Data warehouses have been around since the 1980s, but they came into their own in the cloud era. The idea is simple: you take data from various operational systems — your CRM, your ERP, your sales platform — clean it up, transform it into a consistent format, and load it into a single, well-organised repository where analysts can query it at speed.
This process is commonly called ETL — Extract, Transform, Load. You extract data from source systems, transform it (cleaning, reshaping, standardising), and load it into the warehouse.
WHAT MAKES A DATA WAREHOUSE SPECIAL?
Data warehouses are purpose-built for analytics, not for day-to-day transactions. They use a columnar storage format, which means instead of storing data row by row (like a spreadsheet), they store it column by column. This makes aggregation queries — "what were total sales by region last quarter?" — dramatically faster.

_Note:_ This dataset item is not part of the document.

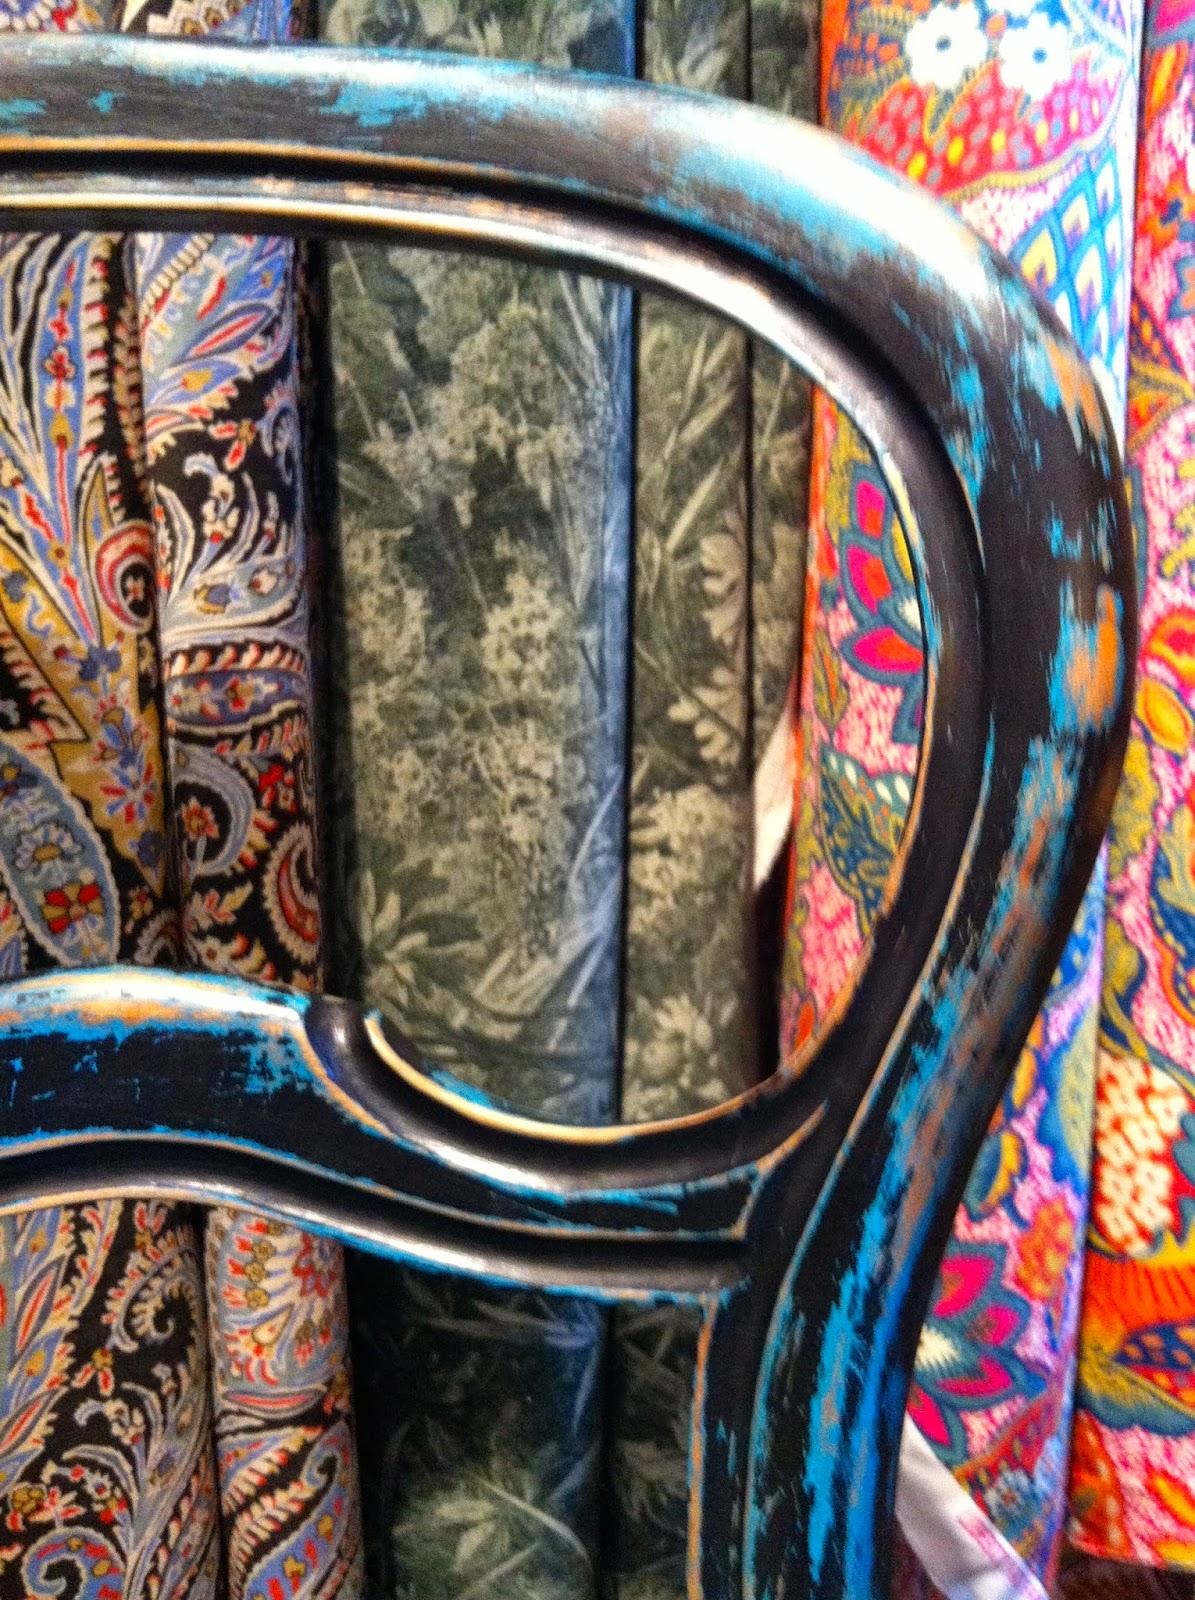 atelier anne lavit artisan tapissier d corateur 69007 lyon chaise louis philippe. Black Bedroom Furniture Sets. Home Design Ideas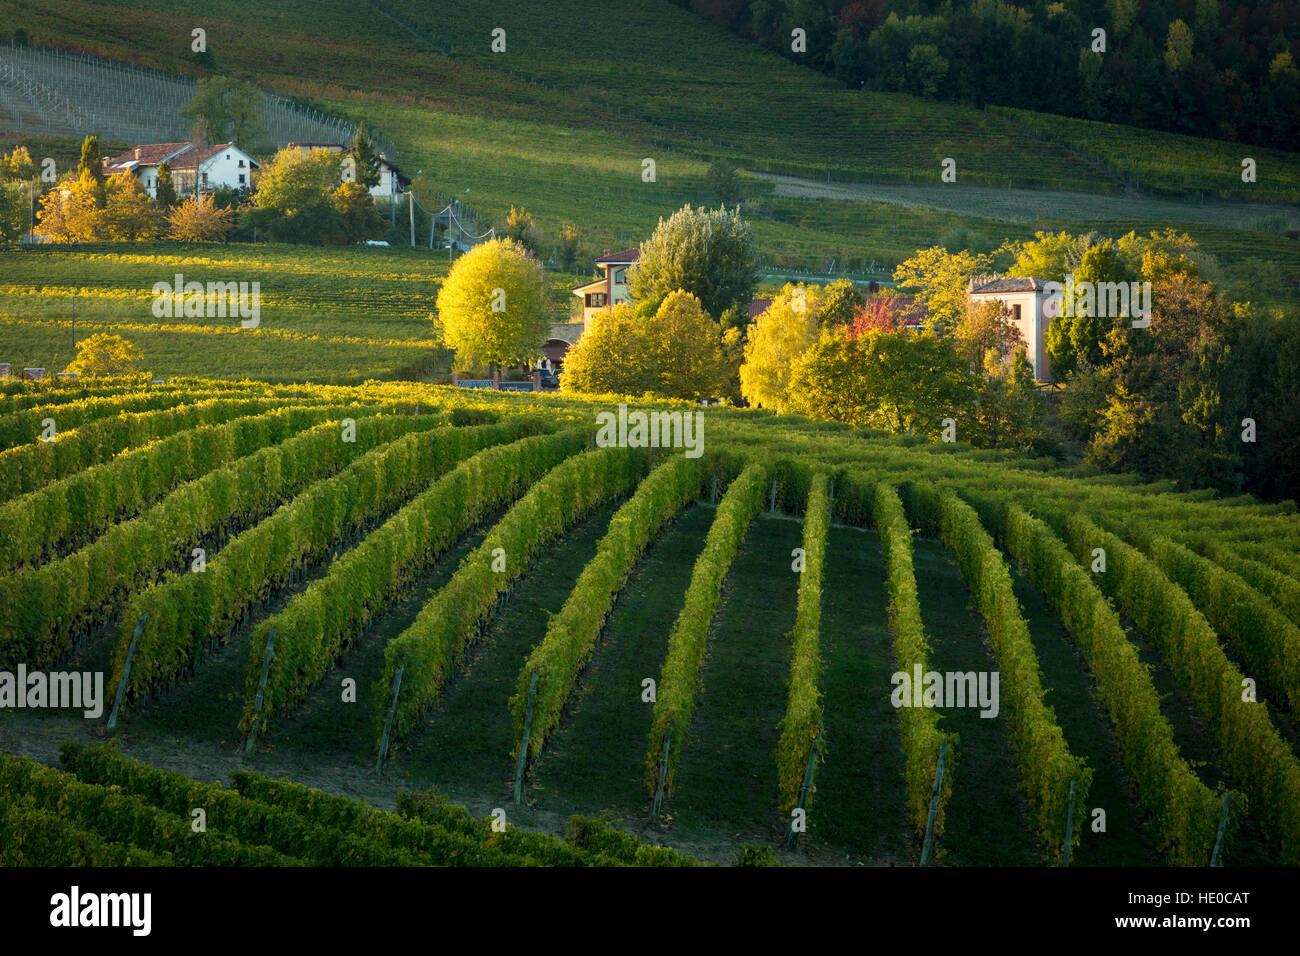 Herbstabend Sonnenlicht auf den Weinbergen in der Nähe von Barolo, Piemont, Italien Stockbild

They also enforce a strict schema-on-write principle, meaning the structure of your data must be defined before you load it. This keeps data clean and consistent, but it also means they are less flexible with unstructured or raw data.
LEADING DATA WAREHOUSE EXAMPLES:
- Snowflake
- Google BigQuery
- Amazon Redshift
- Azure Synapse Analytics
Snowflake is perhaps the most celebrated modern data warehouse. It separates compute from storage, meaning you can scale each independently. It's cloud-agnostic, running on AWS, Azure, and GCP, and its clean interface makes it approachable for analysts while remaining enterprise-grade for engineers.
Google BigQuery is serverless — there are no clusters to manage, no infrastructure to configure. You load your data, write a SQL query, and BigQuery figures out the rest. It's famous for being able to query terabytes of data in seconds.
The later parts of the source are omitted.